Todos queremos cambiar a comienzos del año. Iniciar una dieta después de dar cuenta del último cacho de roscón. Apagar una colilla que se convertirá en el cigarrillo del recuerdo. Apurar una caña para que la cerveza no vuelva a ser compañera de barra. Caminar por las cintas mecánicas del gimnasio del barrio y llegar a la primera piscina de la temporada sin tripa. Buenos propósitos, les llaman.

Generalmente los cambios suelen traer incomodidad y cierto dolor en sí mismos, por lo que de nuevas rutinas y muda de piel precisan. He ahí el primer inconveniente para la humanidad pegada al móvil pidiendo comida a domicilio o amores inmediatos de quita y pon. El cambio, además de voluntad y convicción, requiere esfuerzo. Mal asunto. porque no hay aplicación telefónica que nos implante ese trabajo. Mejor una de mindfulness, que se hace sobre un cojín.

Los cambios de año nuevo duran lo mismo que el amor del Tinder o la oferta diaria de Amazon: muy poco. A la altura de abril ya son un vago recuerdo de algo que quisimos o deseamos o pretendimos y que ahora no está en nuestra lista de prioridades. Culparemos a la sociedad de nuestra obesidad mórbida, al cambio climático de nuestra ignorancia, a la guerra de Ucrania de nuestra tiesura mensual, al mundo todo por no comprendernos.
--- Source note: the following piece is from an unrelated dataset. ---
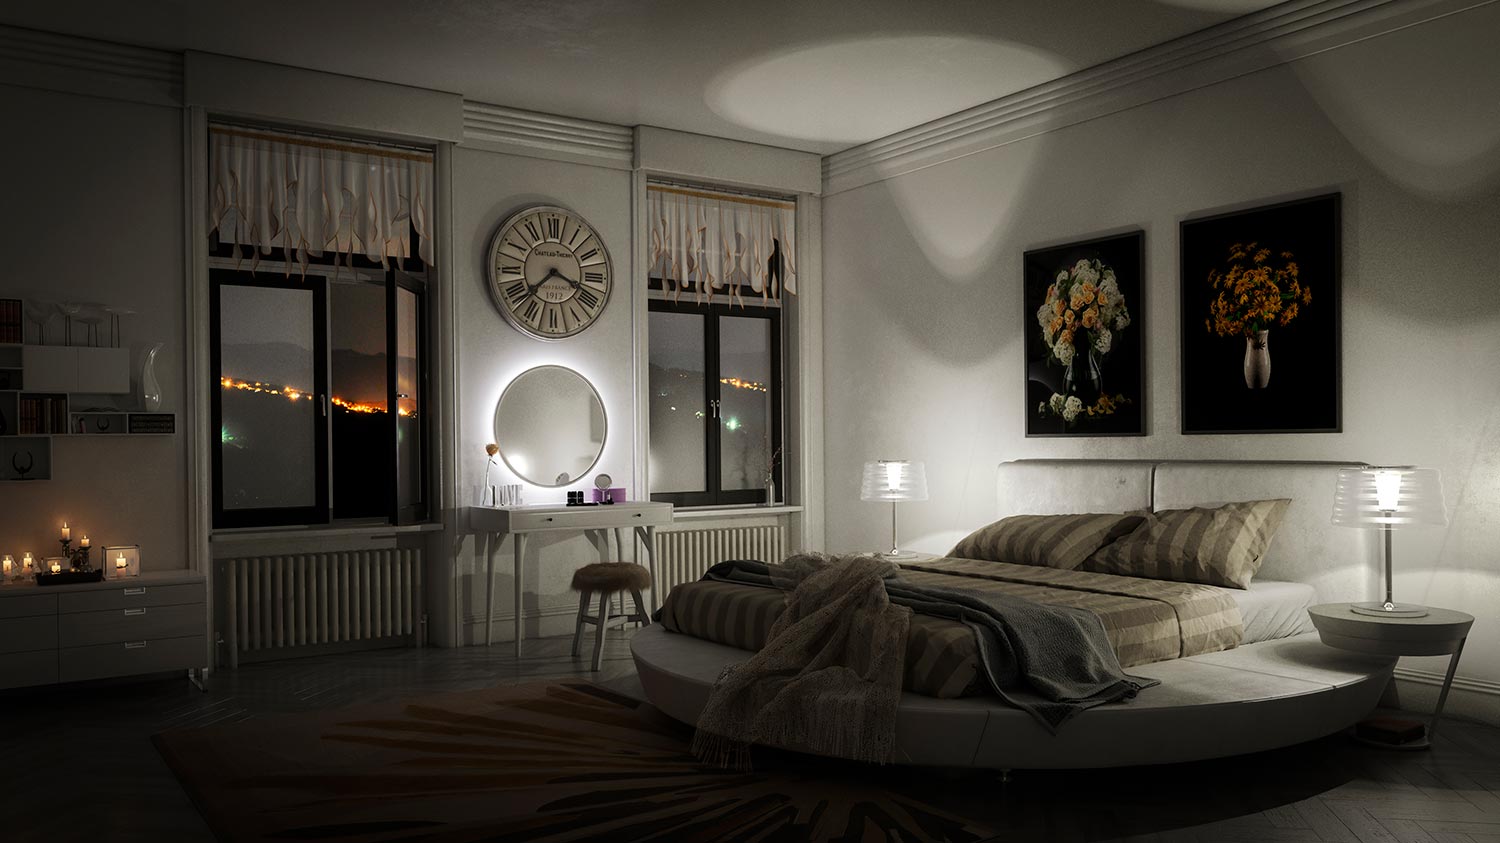 Digitally generated luxurious domestic bedroom interior (night scene)

El humano ocioso, enchufado a la pantalla, quiere ser más guapo, estar más sano, ligar más y dormir ocho horas al menos. Pero no está dispuesto a cambiar para cambiar.

El humano contemporáneo lo quiere todo en realidad. Pero que se lo traigan hecho. Como las ayuditas del Gobierno, como las cifras maquilladas del paro, como el trilerismo de los derechos indiscutibles, como los deberes que otros tienen que hacer, como un cambio de género en el DNI.

El comienzo de año se llena de propósitos de enmienda de humanos que creen que no deben, en realidad, enmendarse en nada. Y así hasta la primavera, que volverán a llenarse los gimnasios de gente que quiere cambiar, pero solo para parecer más jóvenes y estilizados. Y sin bajarse del sofá.